I'm gonna ask why? and what he^^^^ said is true.
 
Mythbusters are rumored to be taking this one on coming up.
 
SublimeRevo is correct. Whether or not the plane moves relative to the ground beneath it is not the significant factor. If the plane is not moving in relation to the air around it then there is no air flow over/under the wings, therefor there is no lift. The plane stays grounded.
 
Where i saw this question theres some speculation that it will fly. Here is just one response. See if it makes any since to you.

Think of it this way.

If you're on a treadmill thats off, you're doing 0mph. Correct?


Now if the treadmill is doing 10 mph, and you're holding where you're at you're still doing 0 right?

Now, if you're doing 10mp, and the treadmill is doing 10mph, what does that mean? That you're moving forward. Your wheels are doing 20, because you have your 10mph, and the treadmills 10 mph.

If you have the ability to increase your speed, without having to push against the tread mill, you will continue to accelerate, and move forward, until the airplane reaches lift off.


you're thinking about this like a car, which would sit in once place, and show 10mph while still having a speed of 0 mph. This, is because the car has to push against the treadmill to go faster.

An airplane pushes against air, not the ground. The wheels are just there to give the airplane a method of movement, with less friction than the belly of the plane.
 
YOU are burning the calories to produce the energy to move at 10 MPH on the treadmill. Do you feel the wind blowing in your face? No....neither will the plane.

If the plane needs to reach 20 miles per hour to lift off, the only way it could do so from a stationary position is if a wind generator was blowing at it with the WIND at 20 MPH. At that point, the airfoil would generate lift.

The myth will be BUSTED. Not even plausible, and never to be confirmed.

It was pre-empted the other night, but they're about to see how much a truck weighs with X pounds of canaries inside when they are all in flight. I caught a discussion on that one over 15 years ago, and I'm still wondering.
My guess is there won't be a cargo weight anymore, just the barren truck weight.
 
Think of it this way.

If you're on a treadmill thats off, you're doing 0mph. Correct?


correct

Now if the treadmill is doing 10 mph, and you're holding where you're at you're still doing 0 right?

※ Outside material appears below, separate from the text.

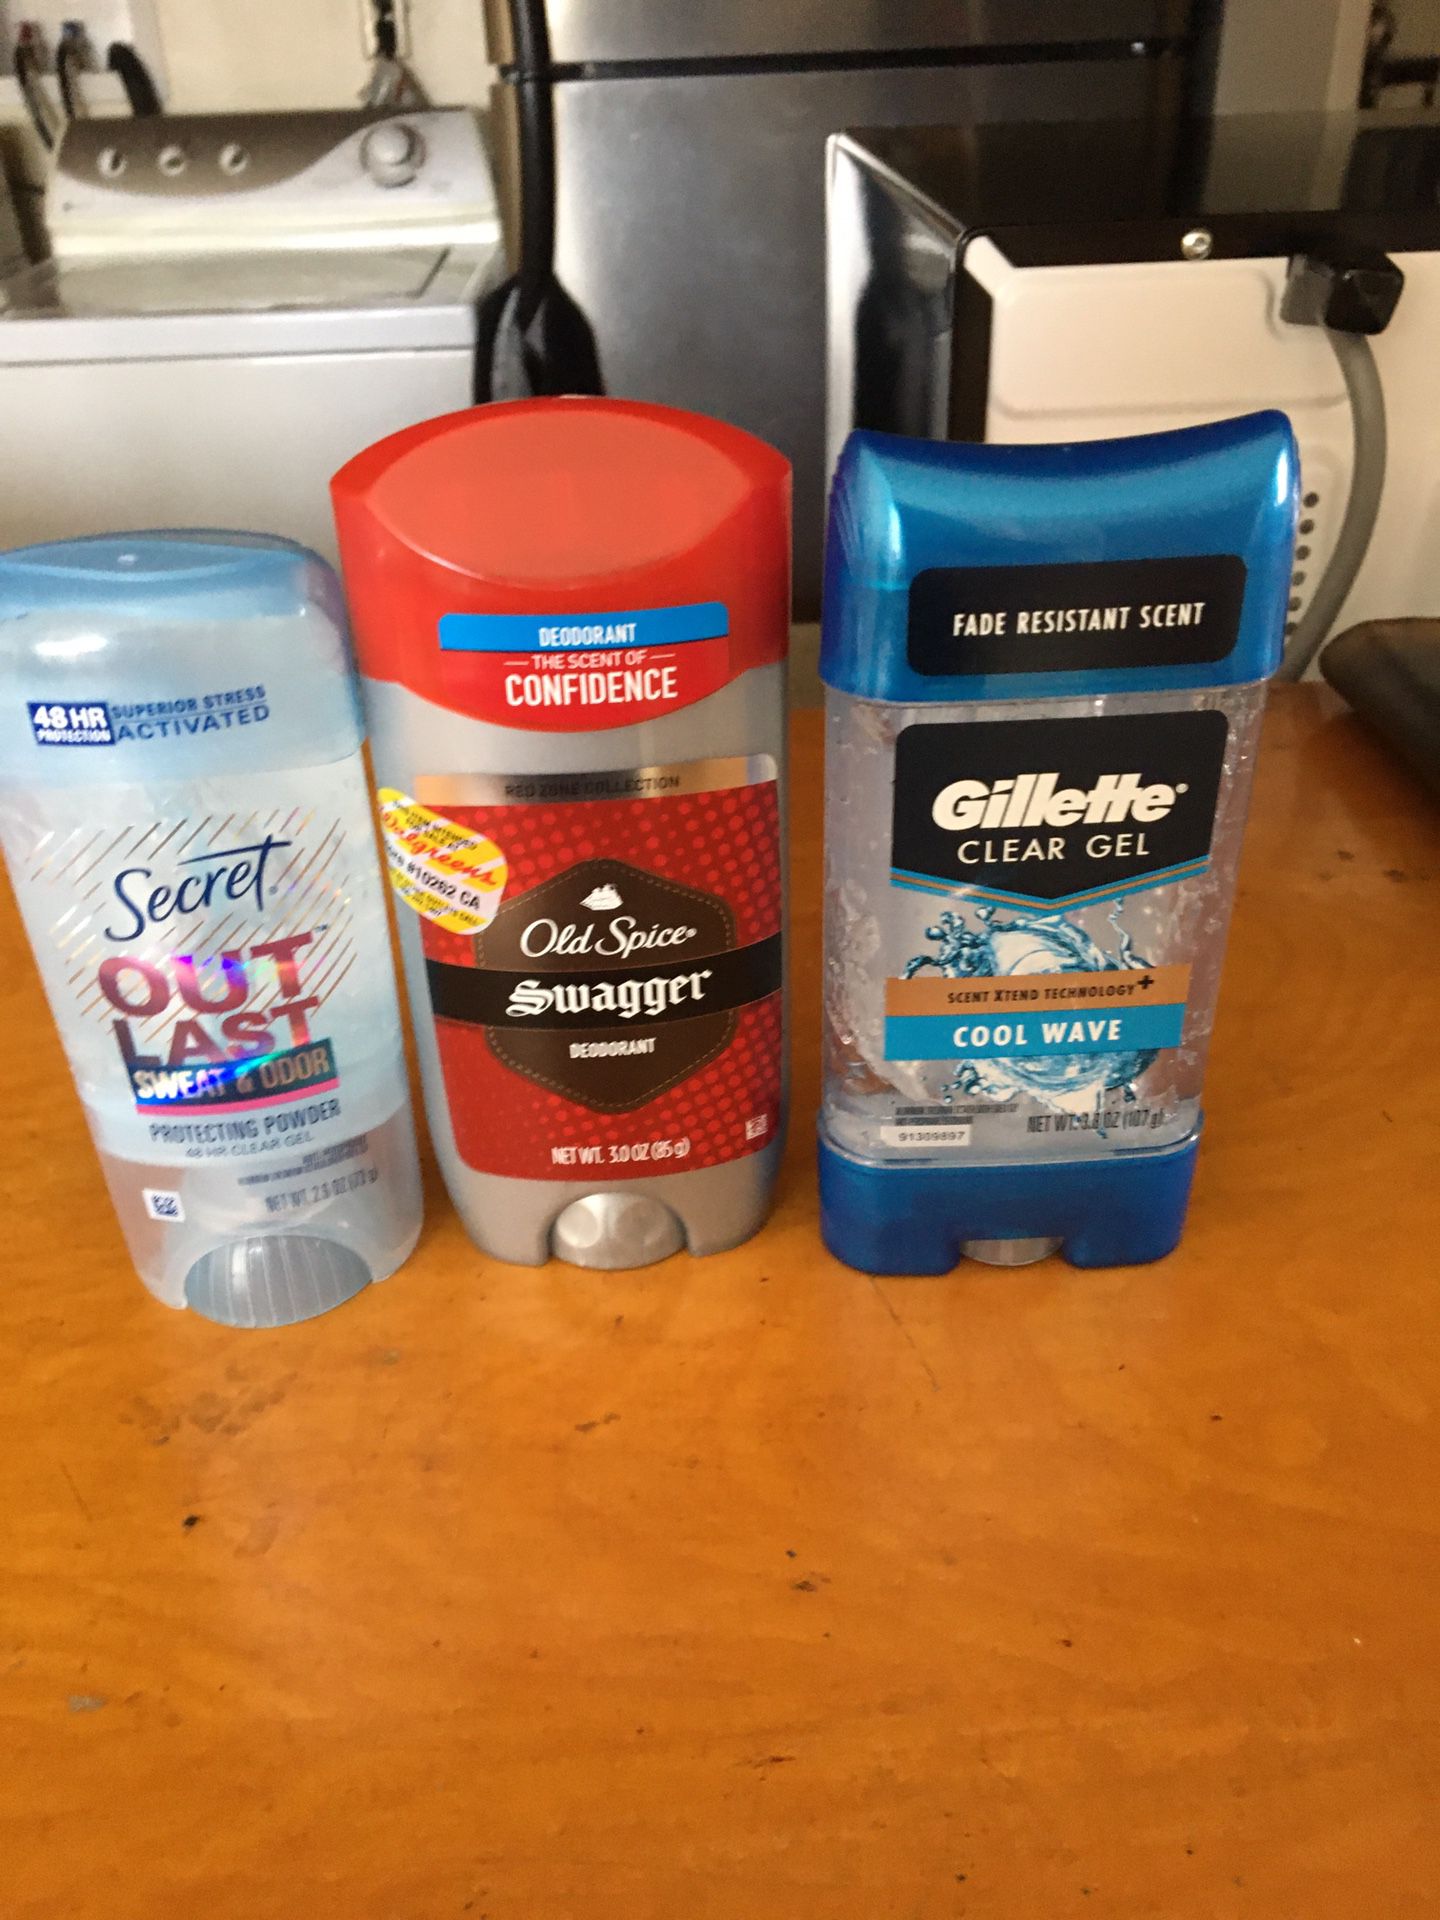 Gillette and old spice and secret

This comment may be confusing because it's not very clear. If you're standing still on the treadmill then you are traveling 10mph backwards. If you're "holding where you're at" relative to the ground then yes, you're essentially doing 0 even though you're simulating a speed of 10mph.

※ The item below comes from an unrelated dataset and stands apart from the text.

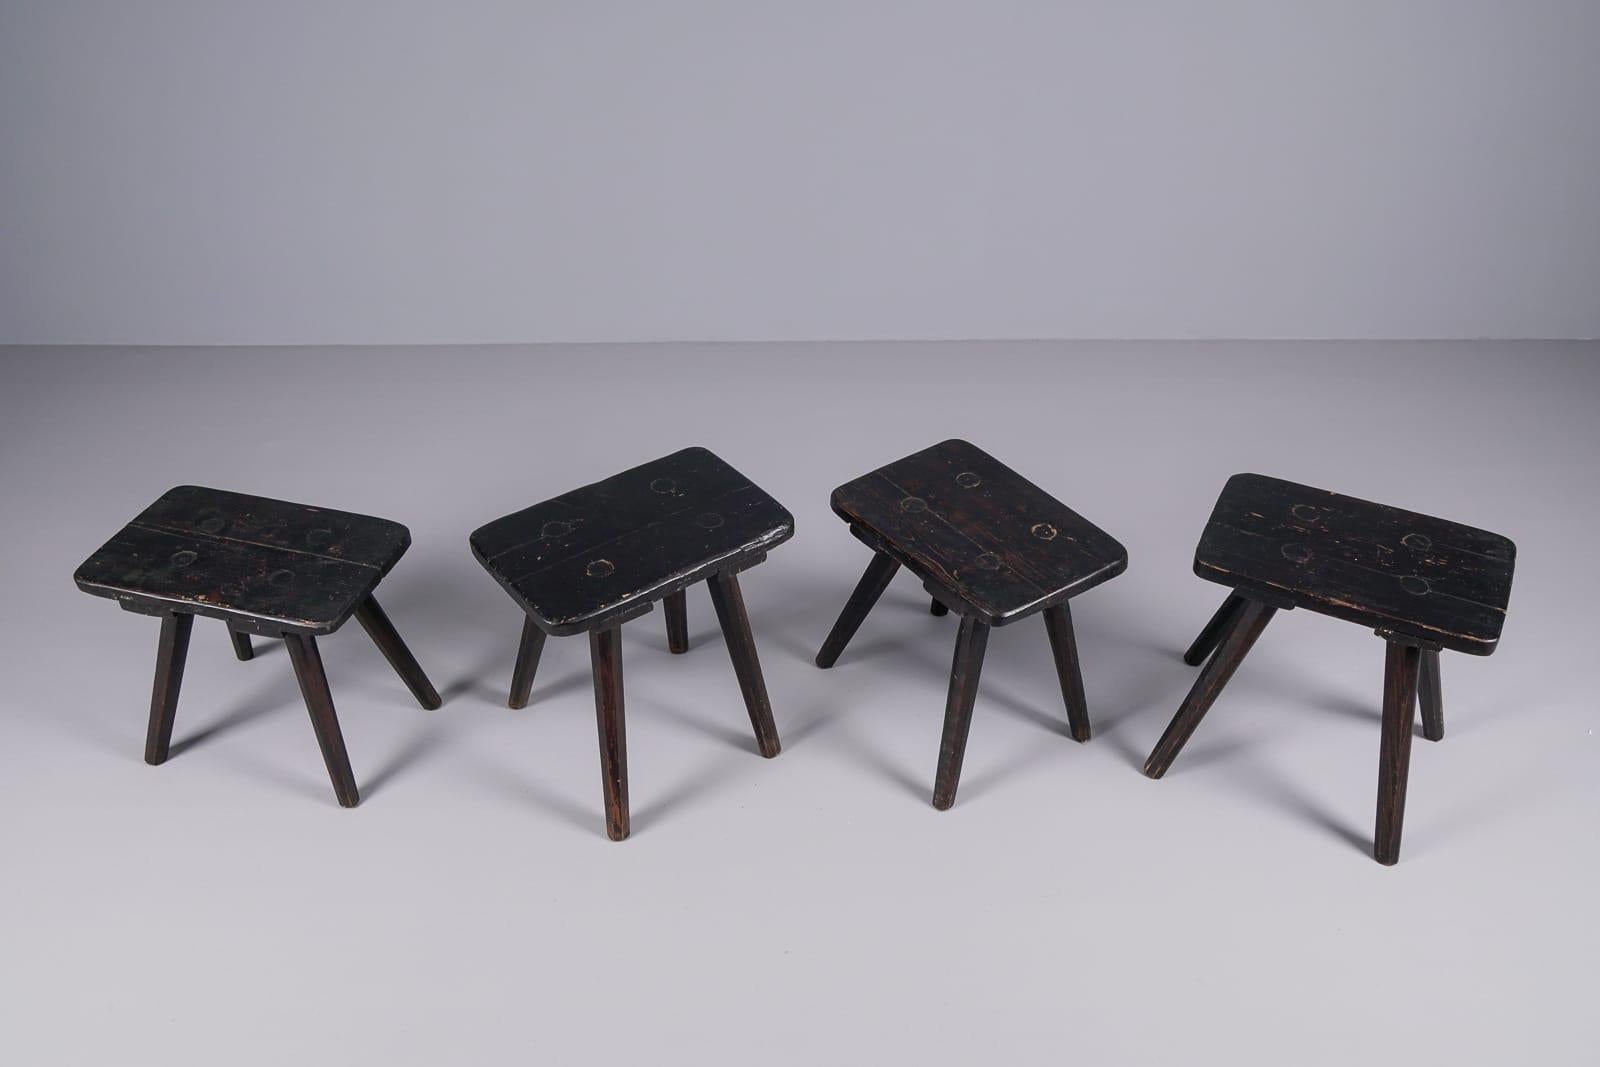 French Provincial Set of 4 Beautifully Shaped Old Wooden Stools, 1950s For Sale

Now, if you're doing 10mp, and the treadmill is doing 10mph, what does that mean? That you're moving forward.


No, you are not moving forward. If the treadmill is doing 10mph and you are jogging on the treadmill at 10mph relative to the treadmill, you are not making any forward movement relative to the ground.

Your wheels are doing 20, because you have your 10mph, and the treadmills 10 mph.


No.
If the treadmill is running in it's standard direction then you are not moving relative to the ground.
If the treadmill is running in it's generalized opposite direction (forward) then and only then are you traveling at 20mph relative to the ground.

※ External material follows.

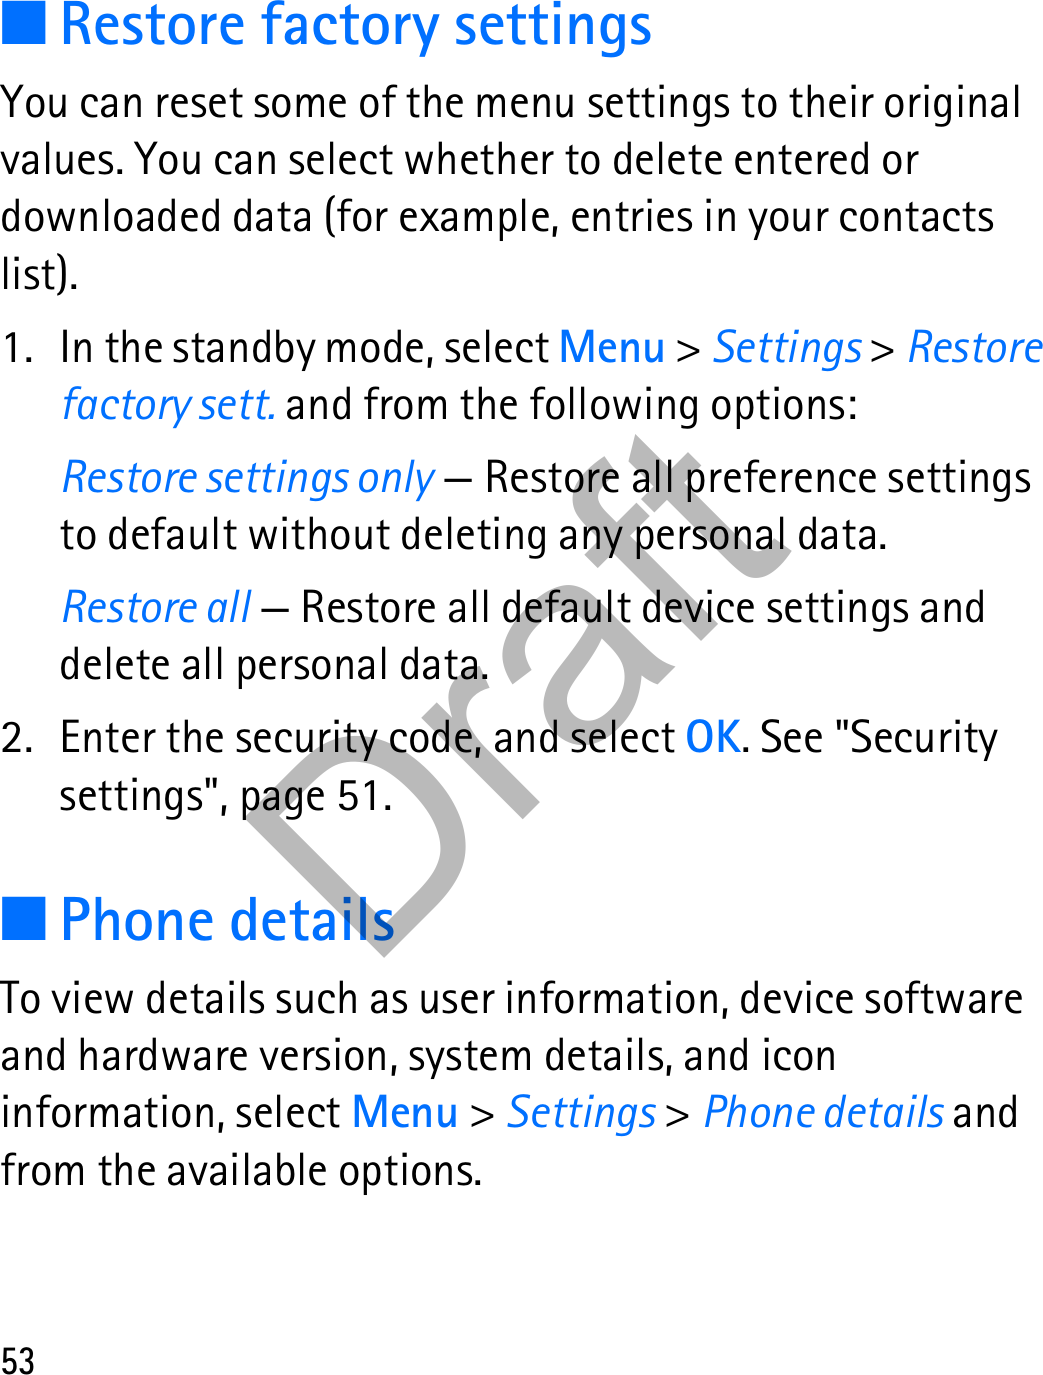 53■Restore factory settingsYou can reset some of the menu settings to their original values. You can select whether to delete entered or downloaded data (for example, entries in your contacts list).1. In the standby mode, select Menu &gt; Settings &gt; Restore factory sett. and from the following options:Restore settings only — Restore all preference settings to default without deleting any personal data.Restore all — Restore all default device settings and delete all personal data.2. Enter the security code, and select OK. See &quot;Security settings&quot;, page 51.■Phone detailsTo view details such as user information, device software and hardware version, system details, and icon information, select Menu &gt; Settings &gt; Phone details and from the available options.Draft

If you have the ability to increase your speed, without having to push against the tread mill, you will continue to accelerate, and move forward, until the airplane reaches lift off.


Yes. However, this is NOT the scenerio that was originally given.

The bottom line is that if a treadmill is running backwards (like treadmills are supposed to) then the speed of the person, car, plane or dog needs to be traveling at a speed greater than the treadmill in order to make any forward movement. It doesn't matter if the source of the planes movement is at the wheels/ground or propeller/air. The lift is created when enough speed is met. this needs to be true speed, not simulated speed. If a takeoff speed is 150mph and a treadmill is moving at 150mph (backwards, like they do) then the plane needs to reach a simulated speed of 300mph (relative to the treadmill)in order to travel at a true 150mph (relative to the earth) and lift off.

My guess is there won't be a cargo weight anymore, just the barren truck weight.

yep.. I guess that myth is plausible...

A Rolex DOES get smarter with age. Whoda thunk it?
 
This sounds bizarre to me. It will make it more difficult for the plane to take off, due to the increased rolling resistance. As was stated in a previous post, airplanes push against the air, not the ground, so it would still be able to to take off. This just means that the wheels have to roll faster, which means more resistance. It'd probaly be similar to taking off with a tail wind.
 
A Rolex DOES get smarter with age. Whoda thunk it?
LMAO! We learn from our 'lessens'.

Now, back to the treadmill and the airplane.
Look at it this way...The plane (R/C of course) need 20 MPH forward speed to achieve lift off.
So, the treadmill is moving at 20, and the plane is putting out enough power to stay even.
Simply put, IT CAN NOT lift off. Think about it. What would happen if it could? Would it stay in the air without any forward movement, or would it suddenly surge forward trying to reach 20? If, through some never seen error in physics it was able to lift off the treadmill, what would happen to it when it was in the air above the treadmill doing ZERO miles per hour?
Never happen. There is NO LIFT on a stationary plane without creating lift on the wing. THAT's what makes them fly.
If you thing for an instant that the theory would work, we would no longer need long decks and catapults on carriers.

Again, BUSTED.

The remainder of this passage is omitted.